New Brunswick hopes cannabis can help drive rural economic recovery
Economically struggling province hopes growing industry will create 3,000 jobs within 5 years
There is still much uncertainty about how much money provinces actually stand to make from legal cannabis, but in parts of rural New Brunswick, legalization has already helped to revitalize the economy.
In Atholville, a village with a population of just over 3,000, the arrival of cannabis giant Zenabis has given the struggling community a new lease on life.
Atholville was a typical northern New Brunswick village. Bleak job prospects led to a declining and aging population, as young people moved elsewhere in the province, or out west in search of better opportunities.
The area saw one of the sharpest population declines in the country between the last two censuses — close to 10 per cent.
That is until Zenabis, one of the largest cannabis producers in Canada, bought a facility in the village in 2014.
An affordable space had been left vacant by an old textile factory that shut down.
The new growing facility brought young people like Montana Alexander Metallic back to their hometown.
"We all left for school," said Metallic.
"And then we all came back for work. Very rarely you hear that — coming from around here. Usually you go out to work, and then you're off. You come home for the holidays."
The recent university graduate with a double major in chemistry and mathematics was hired as a quality assurance associate for Zenabis in January.
"I wanted to be able to do something with my degree," he said.
Locals fought to get the plant
Montana isn't the only one who came back to the region to work in the industry.
Zenabis went on a hiring spree after receiving its operating licence from Health Canada in August 2017.
In July, there were 60 people working at the plant. In less than three months, that number doubled to 120.
The company plans to eventually grow to 500 employees. It is currently only using a third of its available space.
It's a welcome reprieve in a region where the unemployment rate has consistently been the highest in the province.
Last month, it sat at 8.5 per cent. That still might seem high, but in a place where unemployment usually reaches the double digits, the new jobs have brought a sense of relief.
It didn't all happen overnight. Getting Zenabis to buy the building was one thing, but having the company receive its operating licence was another. The village fought every step of the way.
"We were losing a lot of industries — sawmills, paper mills, chemical mill. We kind of saw the urgency," said Michel Cormier, a local garage owner and who joined the lobbying effort to bring Zenabis to Atholville.
New Brunswick wants to be a leader
If cannabis changed the face of the small community, it's no coincidence.
New Brunswick was one of the first provinces to get on board when the Liberal government announced its plans to legalize marijuana.

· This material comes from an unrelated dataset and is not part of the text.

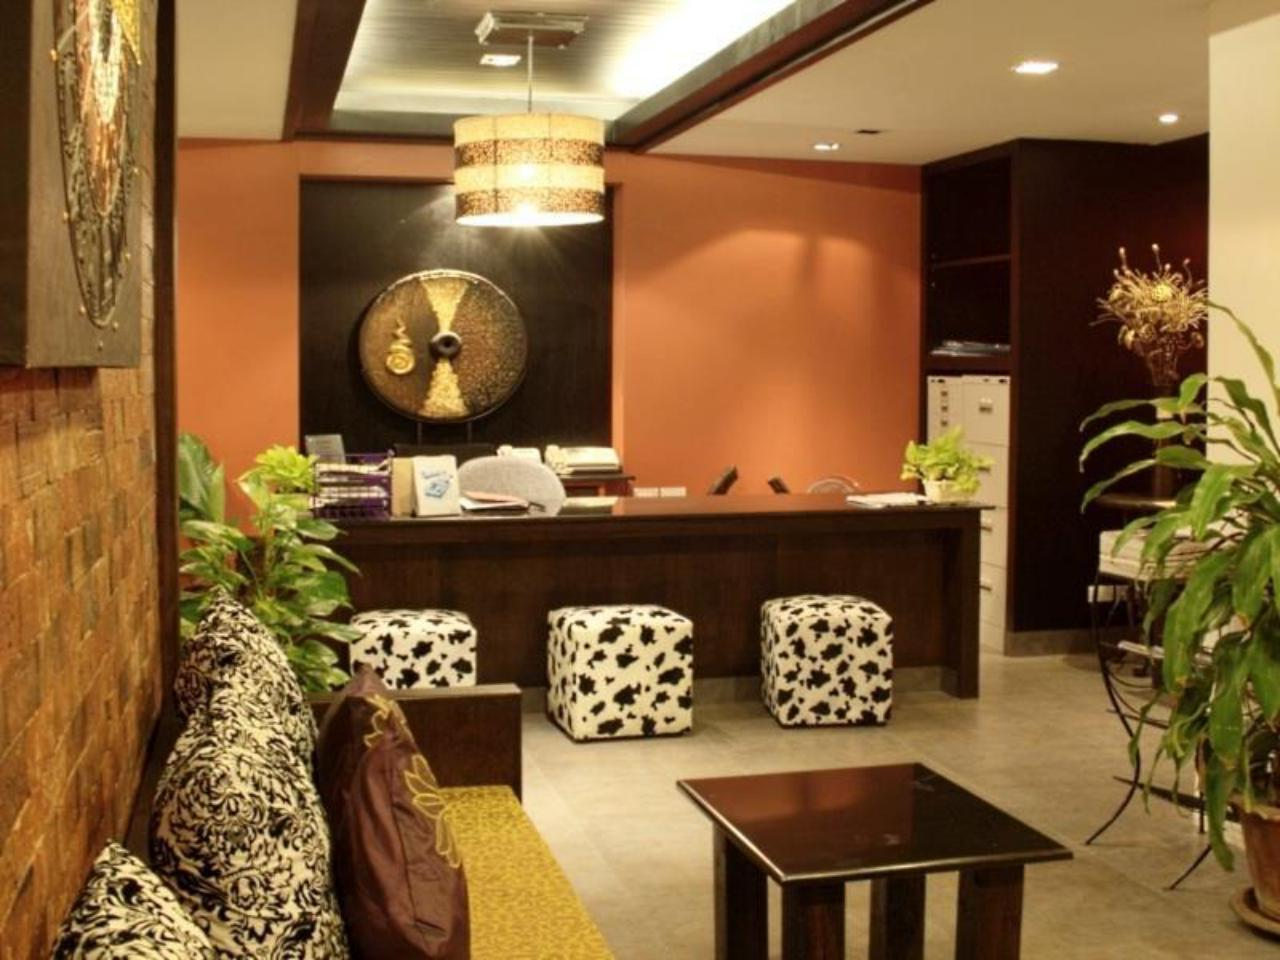 โรงแรมบ้านบันดาเลย์ (Baan Bandalay Hotel)
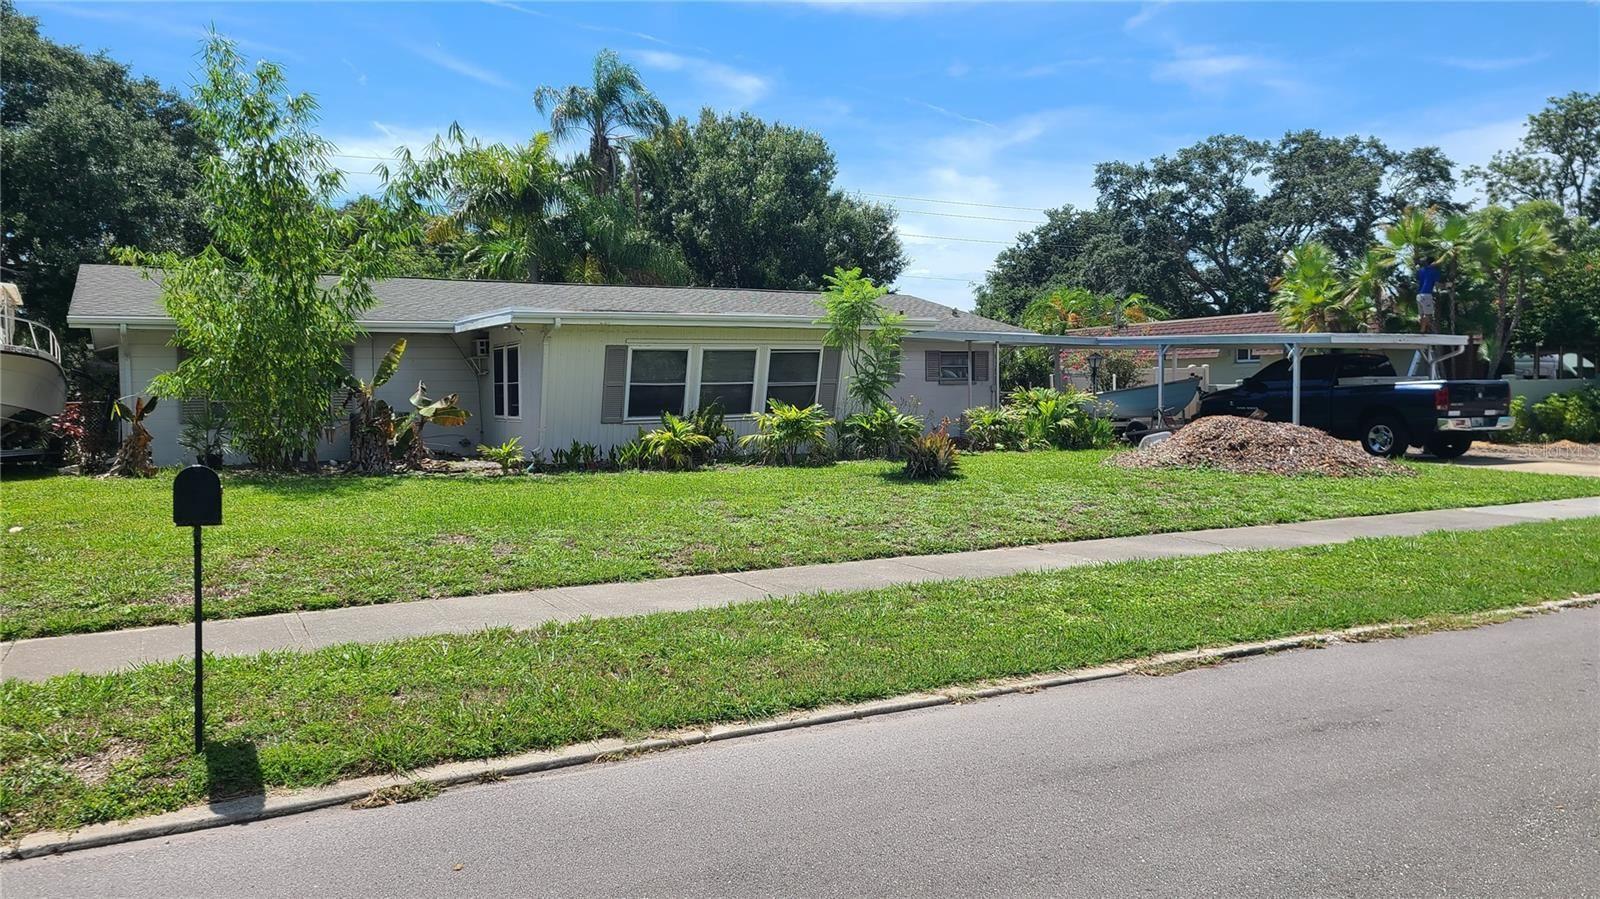 716 50TH STREET COURT W, Bradenton, FL 34209 - #: A4507566

The province — whose debt situation was likened to the Titanic — even listed cannabis as part of its economic growth plan.
"We see here in New Brunswick a lot of cost-competitive advantages as to why it could be done right here," said Premier Brian Gallant.
"We have a great workforce, we have real estate that is cheaper than many other jurisdictions across the country. We have a willingness to figure it out, and do whatever we can to bring some of the investments and jobs to our province."
The small province is home to two large cannabis growing facilities and a third is under construction.
Together they will produce 15,500 kilograms of marijuana per year to be sold in government-operated stores in New Brunswick.
But that will only be a small fraction of their production.
Facilities in New Brunswick will supply other provinces — Nova Scotia, Newfoundland, Prince Edward Island, Ontario, Manitoba, Alberta, British Columbia and the Yukon, and ship some of their medicinal marijuana internationally.
Zebanis weed will be sold in Europe, and marijuana from Moncton-based producer Organigram will travel all the way to Australia.
Organigram said as much as 86 per cent of its weed is destined for exports.
The province also announced two research chairs in marijuana, one at the University of New Brunswick and one at Saint Thomas University, hoping to solidify its position as an industry player.
"The main goal is to protect our youth from cannabis and ending the black market. But on the side of that, there is no doubt that we see an opportunity," said Gallant.
The province has allowed more stores per capita than its neighbours. With a population of about 760,000, New Brunswick has 20 provincially-run cannabis stores.
In comparison, neighbouring Quebec has 20 stores for a population of 8.4 million.
Six-hundred cannabis jobs have been created so far in New Brunswick, and another 3,000 are expected over the next five years, as production facilities plan to expand. Local officials believe filling those jobs could be a challenge.
The province expects to earn $45 million from cannabis in the first year after legalization, although much of that money will initially be used to cover start-up expenses related to opening new cannabis stores and employee training.